30
Mar
Monday Mishmash
0
Spring! It finally seems like spring! Everything is green and there are blooming pink trees, and the sun is shining and the sky is a perfect unclouded blue, and it makes me so happy. I hate winter. I’ve tried to get around it, but I just do.
I’ve decided I’m not allowed to buy any new books until I read some of the books I already have. Besides my towering TBR pile, I have at least eight books that I’ve started in the last six months and put down. I never used to do this. They are not necessarily bad books–some didn’t grab my attention, some grated for whatever reason, some were just too dark and issuey for the mood I was in. I want to start over and give them second chances. I mean, a book is a terrible thing to waste, right? Does anyone else do this?
I am twittering here: @jessica_shea. I am very new and twittershy.But I like reading everyone else’s pithy little updates.
I love writing about twisty family relationships.
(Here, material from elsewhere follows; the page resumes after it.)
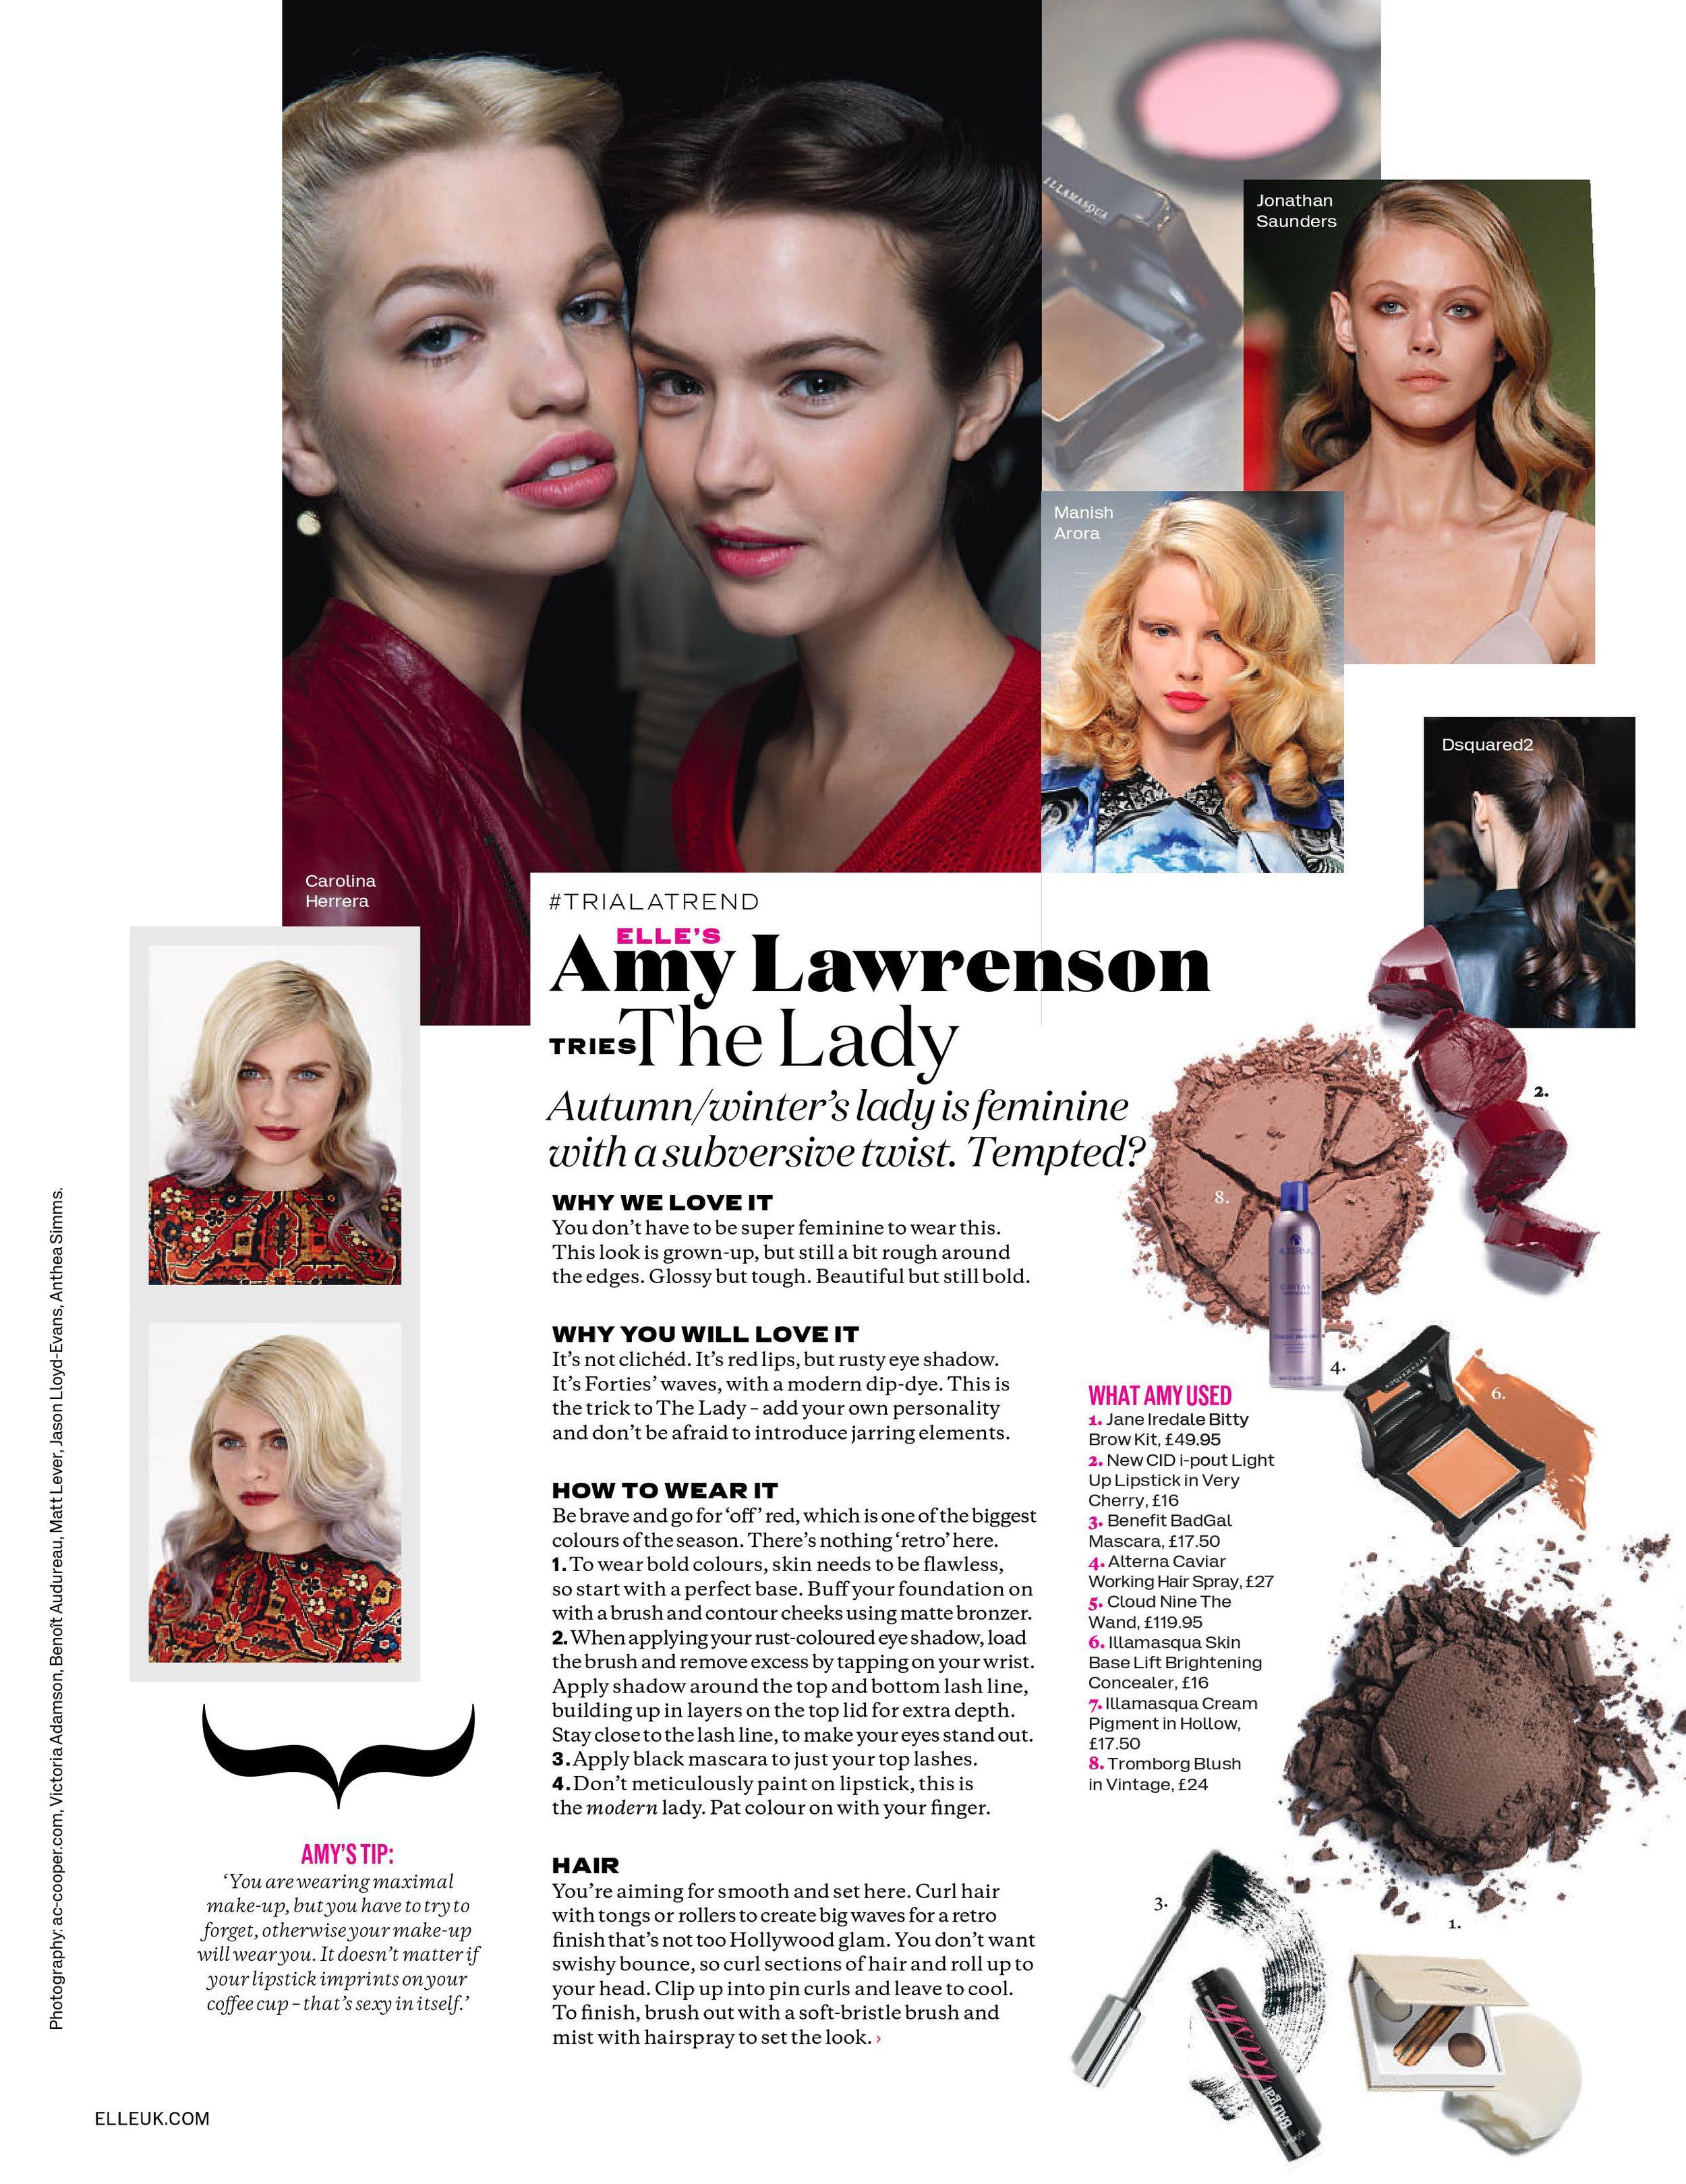 Amy Lawrenson Tries The Lady

In my cupcake book, Em’s parents are newly separated and she and her sister are handling it very differently. The next-next scene I get to write is when she meets her dad’s girlfriend for the first time. Drama ahoy!
There’s a great article by Tony Kushner (of Angels in America fame) and Alisa Solomon here on Seven Jewish Children, which is a ten-minute play by Caryl Churchill written in January in response to the events in Gaza. The play’s productions at the Royal Court, New York Theatre Workshop, and now Theater J/Forum Theatre in DC have been protested. It has been accused of being anti-Semitic agitprop, blood libel even. I saw it yesterday (Steve dramaturged the DC production) and found it difficult and powerful. Personally, I think it offers a multiplicity of viewpoints on the history of Israel and is a great starting point for a discussion. There was a spirited talk-back afterward, as well as two response monologues written by a British Israeli playwright. The short text is available here. While I disagree with Churchill’s boycott of Israeli theatre (why punish artists for their government’s choices?), I think her plays are very smart and complex. Anyway, in the article in The Nation, Kushner and Solomon analyze the text and the semiotics of performance. They argue that theatre is "arguably the most humanizing of art forms because it begins and ends with human presence," and that it "has often attracted the ire of people grimly determined to maintain the invisibility of others." I love this. Later, they lament the "tendency to misread a multivocal, dialectical drama as a single-voiced political tract." Um, yes. People have argued that this isn’t theatre, it’s propaganda. But I think it’s the best kind of theatre–the kind that provokes passionate discussion.